Mining in the 1980s campaigned “to make ordinary Australians with no direct involvement in mining to feel they had a stake in disputes happening far from where they live.” (Brett, op.cit, p 42-43). But more recently faraway people not directly involved in mining have been told to butt out.

Judith Brett writing about coal, etc

Judith Brett (op.cit) gives an interesting short history of the development of the Australian economy, in particular the development of industry. She repeats the story told by John Button, minister for trade, when Carlo Benneton, of the Italian fashion house Benneton, came to Australia to invest in a weaving mill, but he could not find a suitable one. He said: “We have not had machines like that in Italy for 60 years.”

Brett goes on to explain that despite many attempts to revive competitiveness in the decades following WW2, “none of it worked.”

Brett mentions the loss of the car industry and the inability of the French submarine company to find 50%of its production from Australian sources. (pp. 36-37).

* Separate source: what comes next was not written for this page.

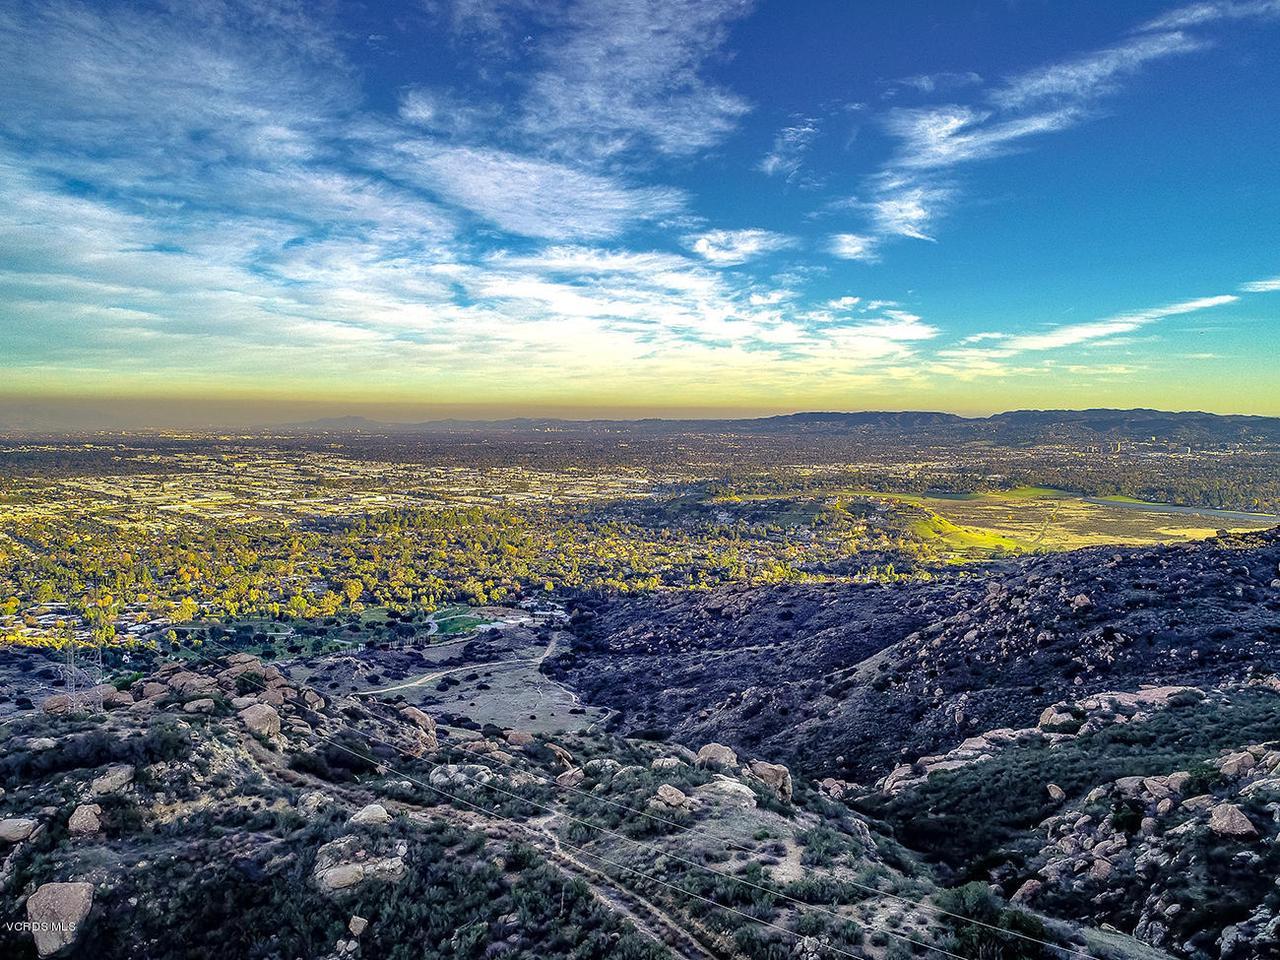 7868 MESA, Simi Valley, CA 93063 - Aerials-10
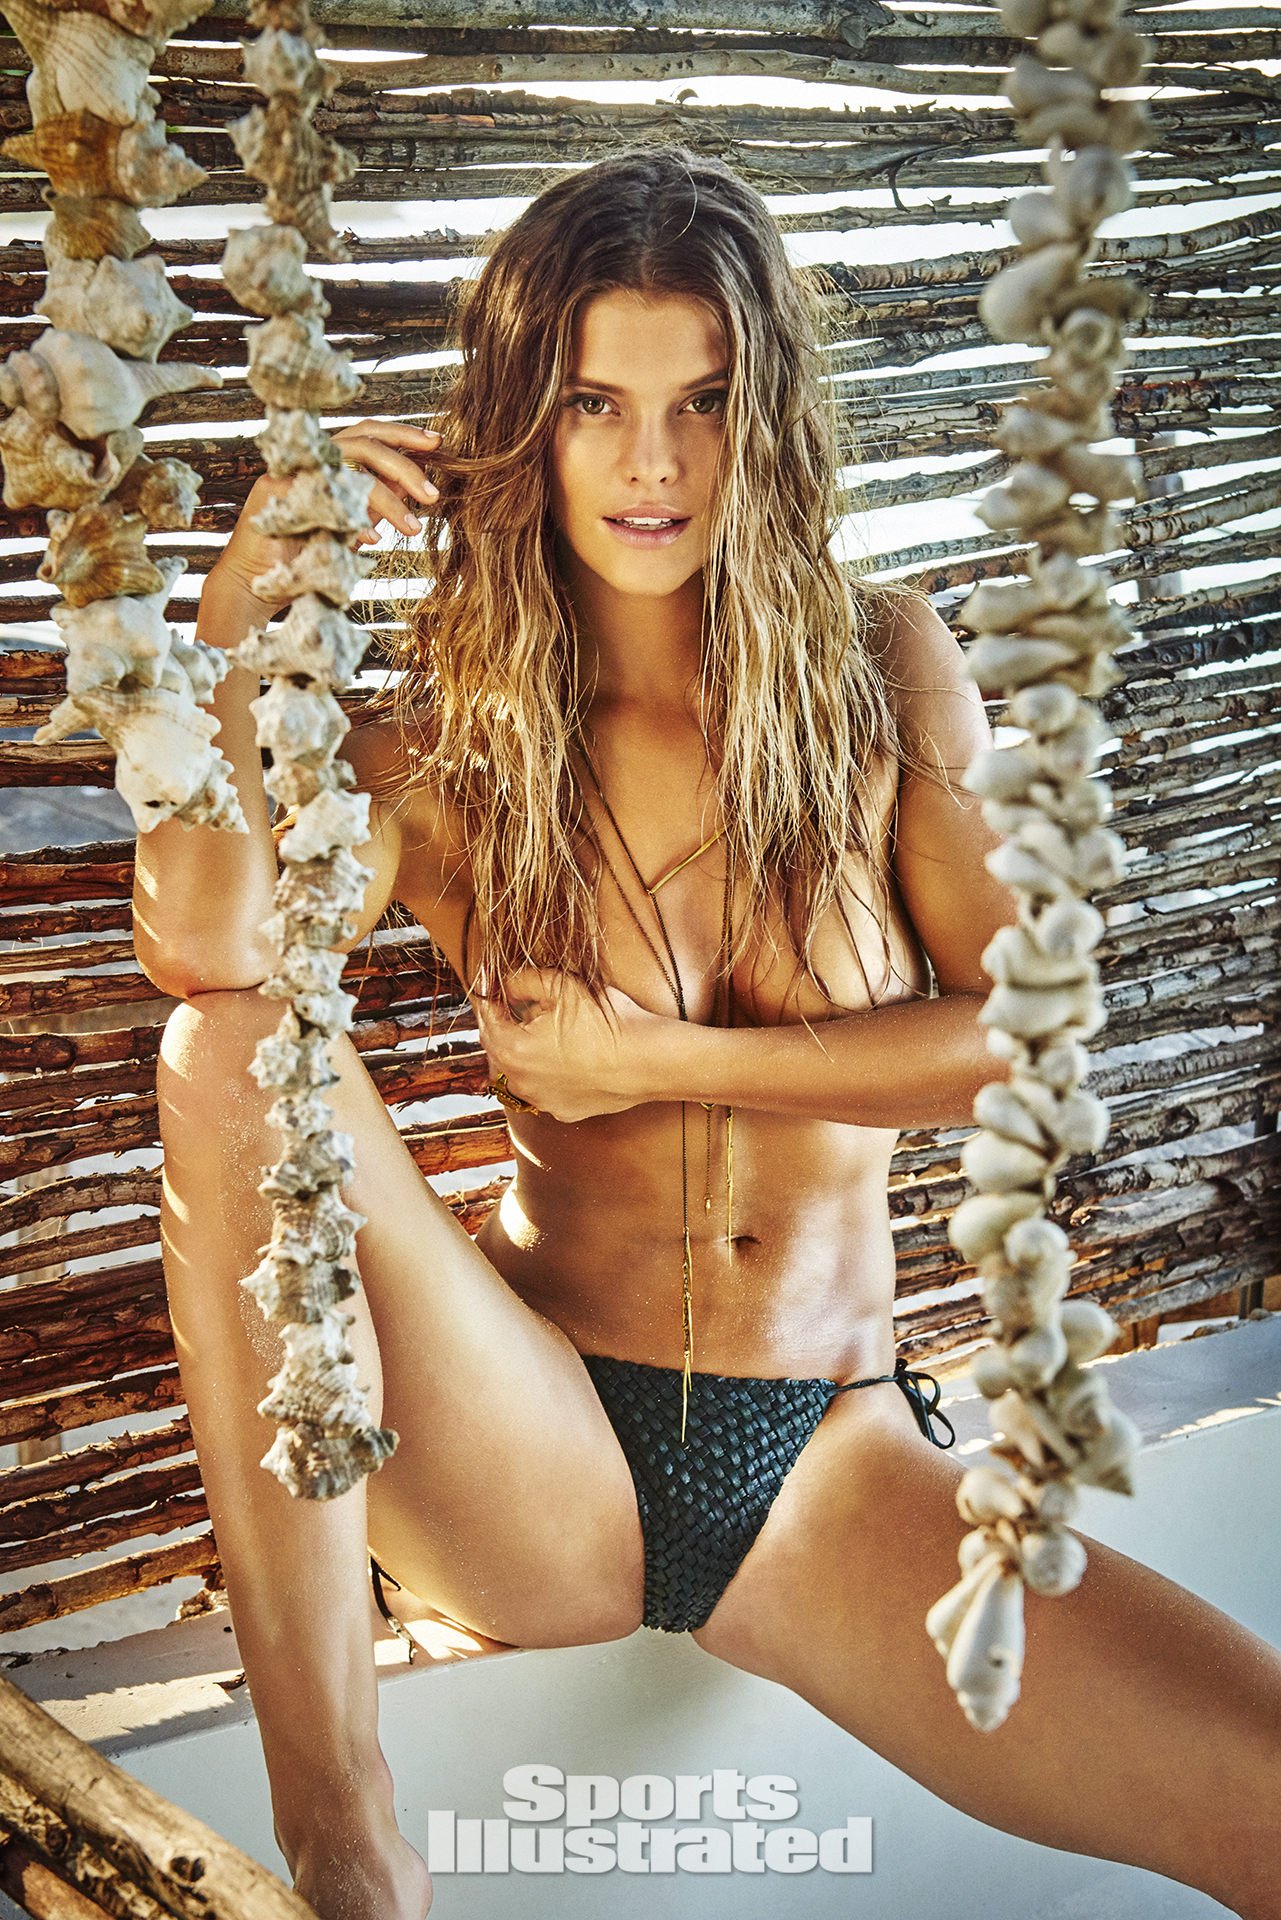 Nina Agdal was photographed by Ruven Afanador in Zanzibar. Swimsuit by Lost Art By Jordan Betten.

The fragile recovery of our manufacturing at the turn of the century could not survive the rise of China, nor Hockey and Abbott’s reckless abandonment of the car industry.” [my emphasis] (p. 37)

“Under Abbott, denial and scepticism about climate science spread to science generally. It is scientists who have uncovered the evidence of global warming…Abbott made his feelings clear by failing to include a minister for science in his first government…

“The denigration of science has not only affected climate science [my emphasis]. It has undermined the nation’s commitment to research and development more broadly and fostered a silly hostility to new renewable energy technologies… [my emphasis]

“If we look at federal spending, the picture is even worse…the federal government spent just 0.4% on R&D, putting us down at the bottom of the pack…There is a link. Research and development seeds innovation, developing new sources of growth in the economy, in manufacturing and in agriculture [my emphasis]” (p. 59).

So now Australia continues to depend highly on the coal industry as number one export and source of ‘cheap’ energy, part of the fossil fuels cause of climate change. But the fossil fuels industry is in decline while it advocates a hard fight back and infiltrates many parts of society, especially in influential areas of power, where the money is and where money has influence by promising jobs for the workers, even if there are not so many mining jobs in the age of robotics.

“Capital is deserting fossil fuels, in part because renewables and falling prices are threatening future returns, but also because of shareholder and customer campaigns for banks and superannuation funds to diverse from fossil fuels.” (p.77)

Brett points to ways Australia could ween itself off the curse of coal.

Mining companies, meanwhile, will have to find ways to rehabilitate the landscapes and agricultural lands. Environment is not just for exploiting, selling and buying.

“A bipartisan climate policy can help the economy recover by supporting investment to build a zero-emissions economy.” (p.74)

Meanwhile, there are those who boldly spruik the denier/sceptic ideology, especially those involved in the fossil fuel industry and those invested in it, such as media outlets like Murdoch’s NewsCorp, Fox News and the IPA, determined to carry on with business-as-usual.

James Murdoch has shown a way – by stepping down from the NewsCorp board.